WC: I remember reading a while back that you guys had your own record label. Are you still involved with that?

BG: Feto, Yeah. It hasn't quite worked out, because we didn't have the funds or the time to do it. I mean, if we were going to do it - yeah, releasing our own stuff is ok, but again we need promotion to do that, and the money's not there to do it. If we were going to do other bands, I'd want to be able to deliver, if I promised bands something. I wouldn't want to do it half-assed. Too many record labels - they fuck bands over. We had a record label operational to that degree. I wouldn't want to fuck anyone over. I've seen it all to many times happen to me. I wouldn't want to do to someone, what I've had done to me.

WC: I know you guys had a real hard time with Earache Records. I was wondering if you could comment on those years, and what led to you leaving the label?

BG: Oh with Earache, it's a long story. I don't know if you followed the history between us. Yeah, there's a lot of stuff that's gone on. Basically we felt that Earache exploited us in ways that they shouldn't have, and there were a lot of legal issues actually about the whole thing. Yeah it took a lot of bullshit through the years, and we're still not there to where we need to be at really. I wouldn't work with Earache again, and I wouldn't advise anyone to work with Earache. It was a really fucked up situation...

WC: Do they still own the rights to those albums, when you worked for them?


BG: Yes, they still do. Although I'd have to look back through the contracts, there is a time when they do revert back to us eventually, I think.

WC: Didn't you guys settle something, where they put out a greatest hits album?

BG: They did a greatest hits thing. Originally they were just going to do it on their own, but we said No, No. If you're going to do it, why not make it good? So we found a lot of really old stuff, and also some extra bits and pieces. So yeah, it worked out ok in the end. It's called "Noise For Music's Sake".

WC: How would you compare European audiences to American audiences?

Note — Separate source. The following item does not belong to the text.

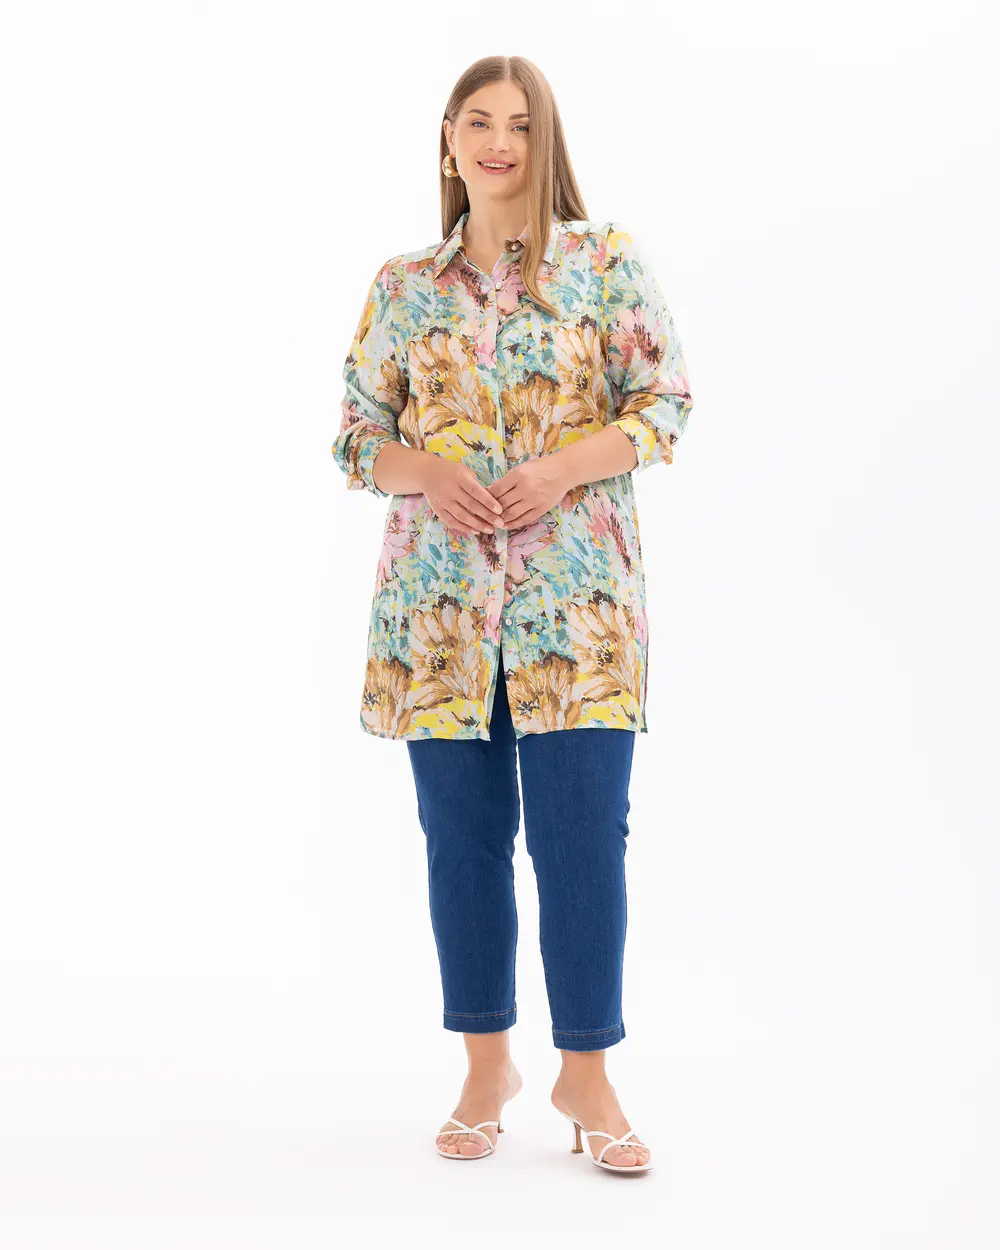 Plus Size Floral Patterned Tunic

BG: It's hard to make a comparison really, because audiences are audiences. Some places they go nuts, other places they don't. So you can't really make a comparison, because people are people at the end of the day.

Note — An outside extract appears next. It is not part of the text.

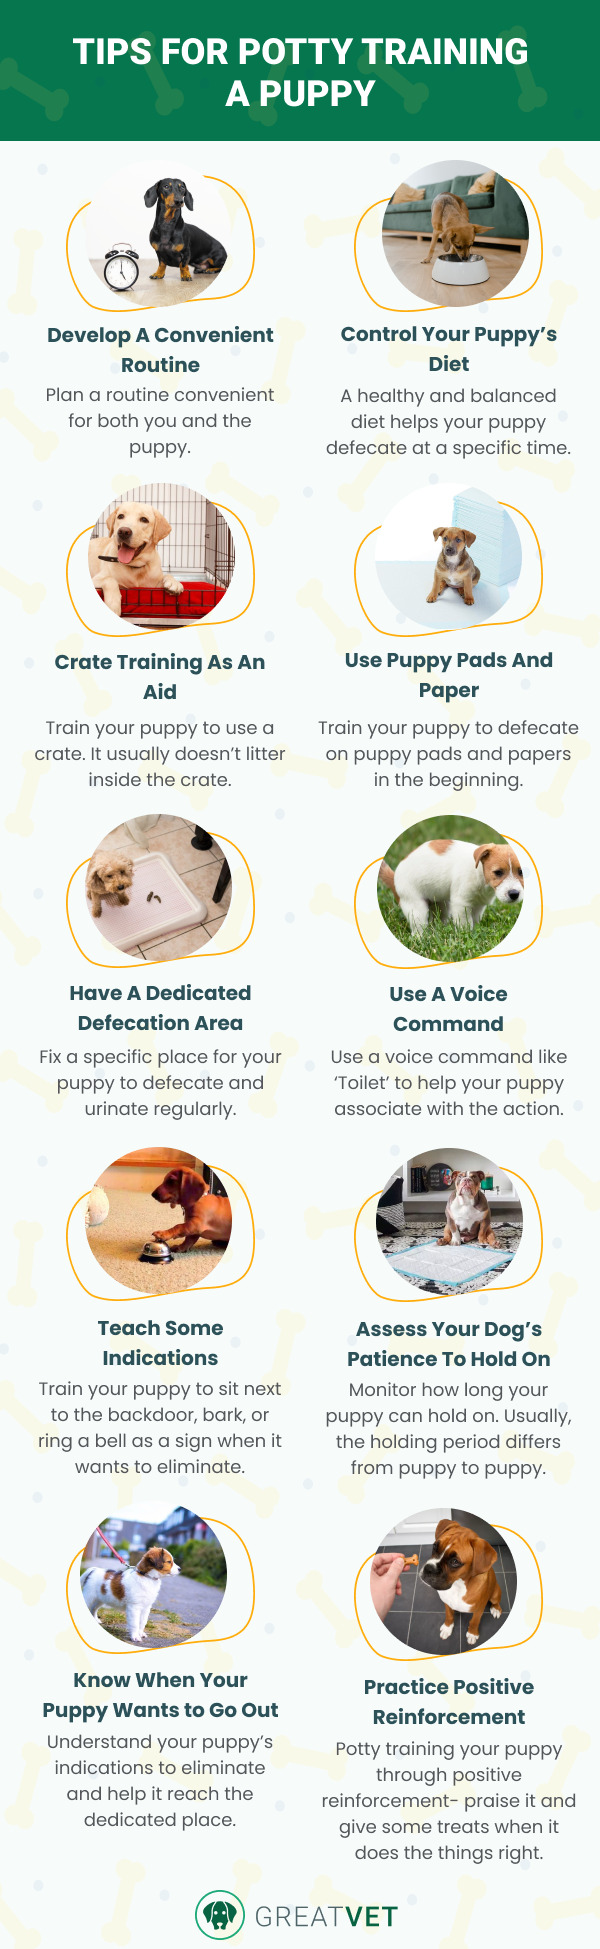 Potty Training a Puppy Tips

WC: I was wondering what bands your digging right now?

BG: Converge, I really like Converge.There's a band called Das Oath, an American band. People should check them out, they're fucking intense. They're fast. They're very rooted in the style of Napalm as in taking the metal but mixing it with hardcore from the mid eighties, like Negative Approach and Minor Threat sort of thing, and I like that, I really like that style. They also have a Killing Joke image to them as well, a mixture of a few things. Definitely recommend the people check them out, I think they're fucking great.

WC: What are your future plans?

BG: We got a tour in europe right after this, it's an X-mas festival thing, it travels through a few countries in europe. After that, we break for Christmas. January, we start on the activities for the new album, because it's finished, it's done, it's got to be worked on, you know? Then we do a couple of show case gigs, then we do European festivals. We're going to come back to the U.S. and do a headliner or possibly with The Melvins, probably going to do something with The Melvins. After that, go to Japan. After that... we don't know that far ahead.

WC: Barney, thank you for your time, man, I really appreciate it. (shaking hands) Do you have any last words for your fans out there?

BG: It sounds like a cliche because you always end up saying it, but it isn't. Thanks for your support, man. There's been times down the years where we kind of doubted ourselves whether we should come, but it's always been kids that encouraged us to move on, and we're grateful for that. We sincerely are.